MATERIAL SUPPLIED:
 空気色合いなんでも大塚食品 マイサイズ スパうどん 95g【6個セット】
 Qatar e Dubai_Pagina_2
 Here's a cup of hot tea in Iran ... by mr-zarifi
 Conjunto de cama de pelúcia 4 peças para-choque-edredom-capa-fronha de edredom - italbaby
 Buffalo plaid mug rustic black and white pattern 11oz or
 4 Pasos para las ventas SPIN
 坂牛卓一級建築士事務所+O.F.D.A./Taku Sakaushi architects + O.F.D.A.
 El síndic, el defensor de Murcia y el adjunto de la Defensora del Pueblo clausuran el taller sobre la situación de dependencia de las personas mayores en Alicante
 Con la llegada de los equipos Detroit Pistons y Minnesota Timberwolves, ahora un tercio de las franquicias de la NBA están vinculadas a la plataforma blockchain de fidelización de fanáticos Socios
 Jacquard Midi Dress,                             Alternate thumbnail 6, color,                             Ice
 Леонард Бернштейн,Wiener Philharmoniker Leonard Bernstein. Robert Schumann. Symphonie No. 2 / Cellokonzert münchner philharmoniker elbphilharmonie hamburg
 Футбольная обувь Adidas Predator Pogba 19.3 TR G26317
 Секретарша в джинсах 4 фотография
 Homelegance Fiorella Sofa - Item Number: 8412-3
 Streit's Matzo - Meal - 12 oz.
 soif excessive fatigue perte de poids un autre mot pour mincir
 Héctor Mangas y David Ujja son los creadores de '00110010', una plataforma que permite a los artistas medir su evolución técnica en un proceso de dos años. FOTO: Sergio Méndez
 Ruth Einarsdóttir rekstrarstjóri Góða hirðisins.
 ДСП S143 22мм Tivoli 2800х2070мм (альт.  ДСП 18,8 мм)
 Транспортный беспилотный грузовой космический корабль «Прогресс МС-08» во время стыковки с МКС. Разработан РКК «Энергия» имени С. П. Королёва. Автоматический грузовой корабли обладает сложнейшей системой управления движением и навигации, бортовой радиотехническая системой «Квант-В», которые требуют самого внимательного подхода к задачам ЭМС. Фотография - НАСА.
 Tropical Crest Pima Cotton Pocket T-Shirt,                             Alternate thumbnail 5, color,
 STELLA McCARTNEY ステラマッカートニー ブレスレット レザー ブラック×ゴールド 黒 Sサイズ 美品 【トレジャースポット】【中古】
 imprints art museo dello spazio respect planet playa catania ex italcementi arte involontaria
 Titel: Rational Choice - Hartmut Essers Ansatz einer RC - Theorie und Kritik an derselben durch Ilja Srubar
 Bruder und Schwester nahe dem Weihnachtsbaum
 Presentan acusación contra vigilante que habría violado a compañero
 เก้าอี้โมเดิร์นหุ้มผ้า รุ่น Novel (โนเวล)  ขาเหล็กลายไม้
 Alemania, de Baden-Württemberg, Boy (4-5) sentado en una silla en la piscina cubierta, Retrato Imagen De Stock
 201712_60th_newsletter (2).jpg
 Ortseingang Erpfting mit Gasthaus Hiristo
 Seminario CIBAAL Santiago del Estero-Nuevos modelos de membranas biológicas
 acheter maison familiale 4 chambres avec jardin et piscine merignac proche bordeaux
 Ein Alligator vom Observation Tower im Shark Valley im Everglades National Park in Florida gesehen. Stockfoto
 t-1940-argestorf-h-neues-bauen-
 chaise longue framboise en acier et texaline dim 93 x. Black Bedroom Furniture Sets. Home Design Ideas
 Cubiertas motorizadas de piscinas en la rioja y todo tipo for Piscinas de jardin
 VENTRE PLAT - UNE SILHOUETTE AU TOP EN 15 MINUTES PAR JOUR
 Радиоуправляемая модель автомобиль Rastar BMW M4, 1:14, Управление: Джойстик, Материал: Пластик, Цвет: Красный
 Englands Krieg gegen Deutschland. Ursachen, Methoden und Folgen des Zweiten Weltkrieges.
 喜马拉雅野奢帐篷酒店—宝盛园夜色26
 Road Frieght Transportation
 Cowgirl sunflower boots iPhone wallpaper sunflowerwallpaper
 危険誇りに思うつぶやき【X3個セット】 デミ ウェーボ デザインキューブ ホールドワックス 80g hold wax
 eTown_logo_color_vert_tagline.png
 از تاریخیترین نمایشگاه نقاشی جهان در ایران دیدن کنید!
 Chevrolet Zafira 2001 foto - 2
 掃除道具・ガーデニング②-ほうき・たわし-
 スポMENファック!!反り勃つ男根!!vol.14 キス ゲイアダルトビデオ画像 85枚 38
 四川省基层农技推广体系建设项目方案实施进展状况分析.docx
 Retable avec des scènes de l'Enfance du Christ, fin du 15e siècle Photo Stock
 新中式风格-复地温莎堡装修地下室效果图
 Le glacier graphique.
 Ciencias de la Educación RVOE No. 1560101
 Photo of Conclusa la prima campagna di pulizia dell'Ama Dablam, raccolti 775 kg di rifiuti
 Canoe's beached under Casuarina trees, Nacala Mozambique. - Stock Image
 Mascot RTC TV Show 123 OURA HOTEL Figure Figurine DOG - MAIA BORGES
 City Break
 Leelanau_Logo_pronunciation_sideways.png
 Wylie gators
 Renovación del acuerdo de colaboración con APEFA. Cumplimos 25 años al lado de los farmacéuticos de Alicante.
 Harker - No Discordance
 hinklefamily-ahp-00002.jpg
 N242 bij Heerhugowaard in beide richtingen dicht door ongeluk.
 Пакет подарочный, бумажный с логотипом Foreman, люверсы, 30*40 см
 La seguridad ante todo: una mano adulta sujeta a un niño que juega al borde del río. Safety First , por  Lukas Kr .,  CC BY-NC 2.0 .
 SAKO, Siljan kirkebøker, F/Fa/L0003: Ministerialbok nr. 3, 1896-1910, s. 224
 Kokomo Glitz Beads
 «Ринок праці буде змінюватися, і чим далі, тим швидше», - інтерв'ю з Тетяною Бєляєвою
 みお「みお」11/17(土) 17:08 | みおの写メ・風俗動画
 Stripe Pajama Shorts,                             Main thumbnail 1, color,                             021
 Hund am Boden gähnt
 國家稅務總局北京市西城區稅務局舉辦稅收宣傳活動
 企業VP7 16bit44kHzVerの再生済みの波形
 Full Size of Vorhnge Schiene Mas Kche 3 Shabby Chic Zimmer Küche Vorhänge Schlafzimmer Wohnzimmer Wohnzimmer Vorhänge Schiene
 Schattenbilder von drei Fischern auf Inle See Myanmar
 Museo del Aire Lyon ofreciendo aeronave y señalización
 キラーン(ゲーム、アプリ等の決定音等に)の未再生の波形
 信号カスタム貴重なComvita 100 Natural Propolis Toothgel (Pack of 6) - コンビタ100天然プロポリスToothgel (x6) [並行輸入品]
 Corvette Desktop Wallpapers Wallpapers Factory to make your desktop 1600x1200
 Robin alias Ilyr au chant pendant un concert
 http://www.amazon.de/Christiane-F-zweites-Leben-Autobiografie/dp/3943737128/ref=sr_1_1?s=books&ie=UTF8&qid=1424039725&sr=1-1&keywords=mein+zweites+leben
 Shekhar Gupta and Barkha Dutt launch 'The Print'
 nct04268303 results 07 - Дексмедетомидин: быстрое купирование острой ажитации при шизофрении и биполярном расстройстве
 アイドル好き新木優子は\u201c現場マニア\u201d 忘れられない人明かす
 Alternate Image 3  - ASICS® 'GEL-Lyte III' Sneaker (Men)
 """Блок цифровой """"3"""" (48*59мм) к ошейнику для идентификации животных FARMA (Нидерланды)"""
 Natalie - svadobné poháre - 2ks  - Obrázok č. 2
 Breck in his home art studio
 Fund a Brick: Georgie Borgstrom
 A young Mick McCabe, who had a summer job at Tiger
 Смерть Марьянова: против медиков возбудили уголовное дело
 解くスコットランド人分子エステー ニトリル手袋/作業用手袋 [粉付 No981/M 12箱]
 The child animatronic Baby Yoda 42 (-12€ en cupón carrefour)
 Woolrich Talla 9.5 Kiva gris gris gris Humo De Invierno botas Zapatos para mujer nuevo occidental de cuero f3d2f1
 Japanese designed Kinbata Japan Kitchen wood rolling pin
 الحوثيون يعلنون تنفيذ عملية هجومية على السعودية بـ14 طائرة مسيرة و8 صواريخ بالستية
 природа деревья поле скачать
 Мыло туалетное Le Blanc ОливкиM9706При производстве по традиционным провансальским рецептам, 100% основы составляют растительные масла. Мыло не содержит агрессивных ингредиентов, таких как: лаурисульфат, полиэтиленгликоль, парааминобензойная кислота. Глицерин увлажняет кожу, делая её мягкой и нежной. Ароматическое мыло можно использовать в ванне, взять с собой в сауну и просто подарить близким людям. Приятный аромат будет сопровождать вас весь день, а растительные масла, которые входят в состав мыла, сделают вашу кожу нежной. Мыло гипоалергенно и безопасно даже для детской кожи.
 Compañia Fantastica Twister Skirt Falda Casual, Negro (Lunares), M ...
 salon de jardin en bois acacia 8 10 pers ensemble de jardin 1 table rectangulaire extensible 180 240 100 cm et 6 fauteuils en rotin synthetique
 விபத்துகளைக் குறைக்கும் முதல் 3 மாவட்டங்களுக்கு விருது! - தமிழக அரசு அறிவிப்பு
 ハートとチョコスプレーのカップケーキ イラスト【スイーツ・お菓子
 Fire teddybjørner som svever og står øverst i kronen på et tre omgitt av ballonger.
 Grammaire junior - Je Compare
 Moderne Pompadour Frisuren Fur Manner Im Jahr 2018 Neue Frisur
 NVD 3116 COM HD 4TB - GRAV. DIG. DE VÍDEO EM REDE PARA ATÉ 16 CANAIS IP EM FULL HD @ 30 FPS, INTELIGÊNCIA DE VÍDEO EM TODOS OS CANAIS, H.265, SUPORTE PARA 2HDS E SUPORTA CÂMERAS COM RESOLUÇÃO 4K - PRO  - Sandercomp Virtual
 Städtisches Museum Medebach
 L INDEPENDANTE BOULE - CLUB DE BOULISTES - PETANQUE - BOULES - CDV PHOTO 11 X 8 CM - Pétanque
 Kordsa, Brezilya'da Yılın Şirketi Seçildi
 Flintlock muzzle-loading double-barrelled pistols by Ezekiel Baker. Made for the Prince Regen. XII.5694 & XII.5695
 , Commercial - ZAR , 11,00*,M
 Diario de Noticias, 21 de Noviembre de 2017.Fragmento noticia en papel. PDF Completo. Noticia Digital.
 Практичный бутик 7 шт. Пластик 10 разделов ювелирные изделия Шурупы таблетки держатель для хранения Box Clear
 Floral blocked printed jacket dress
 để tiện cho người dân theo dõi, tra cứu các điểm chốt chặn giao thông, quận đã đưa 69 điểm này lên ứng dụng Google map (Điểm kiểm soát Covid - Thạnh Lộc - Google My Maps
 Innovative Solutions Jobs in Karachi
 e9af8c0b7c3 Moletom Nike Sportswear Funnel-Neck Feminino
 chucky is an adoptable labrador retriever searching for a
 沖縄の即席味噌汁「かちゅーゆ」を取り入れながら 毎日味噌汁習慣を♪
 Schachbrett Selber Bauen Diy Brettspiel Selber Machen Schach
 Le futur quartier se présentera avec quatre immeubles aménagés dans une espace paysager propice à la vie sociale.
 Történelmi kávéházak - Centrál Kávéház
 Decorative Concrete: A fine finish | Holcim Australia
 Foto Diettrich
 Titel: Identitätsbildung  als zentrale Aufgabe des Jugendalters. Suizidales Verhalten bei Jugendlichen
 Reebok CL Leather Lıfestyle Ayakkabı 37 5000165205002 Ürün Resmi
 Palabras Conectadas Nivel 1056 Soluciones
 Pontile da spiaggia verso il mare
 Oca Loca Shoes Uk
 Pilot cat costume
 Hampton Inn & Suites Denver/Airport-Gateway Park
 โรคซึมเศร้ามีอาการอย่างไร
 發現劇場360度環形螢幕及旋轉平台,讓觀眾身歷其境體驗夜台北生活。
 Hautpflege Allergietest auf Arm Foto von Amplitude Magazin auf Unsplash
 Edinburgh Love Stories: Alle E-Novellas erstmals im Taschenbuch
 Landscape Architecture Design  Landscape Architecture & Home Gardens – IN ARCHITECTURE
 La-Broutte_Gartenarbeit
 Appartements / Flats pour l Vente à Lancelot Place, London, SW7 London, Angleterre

ABOUT THIS TASK:
Please copy only the lines between the first line of the entries and the line with "El síndic, el", keeping those two end lines as well, exactly as written.

REPLY:
 空気色合いなんでも大塚食品 マイサイズ スパうどん 95g【6個セット】
 Qatar e Dubai_Pagina_2
 Here's a cup of hot tea in Iran ... by mr-zarifi
 Conjunto de cama de pelúcia 4 peças para-choque-edredom-capa-fronha de edredom - italbaby
 Buffalo plaid mug rustic black and white pattern 11oz or
 4 Pasos para las ventas SPIN
 坂牛卓一級建築士事務所+O.F.D.A./Taku Sakaushi architects + O.F.D.A.
 El síndic, el defensor de Murcia y el adjunto de la Defensora del Pueblo clausuran el taller sobre la situación de dependencia de las personas mayores en Alicante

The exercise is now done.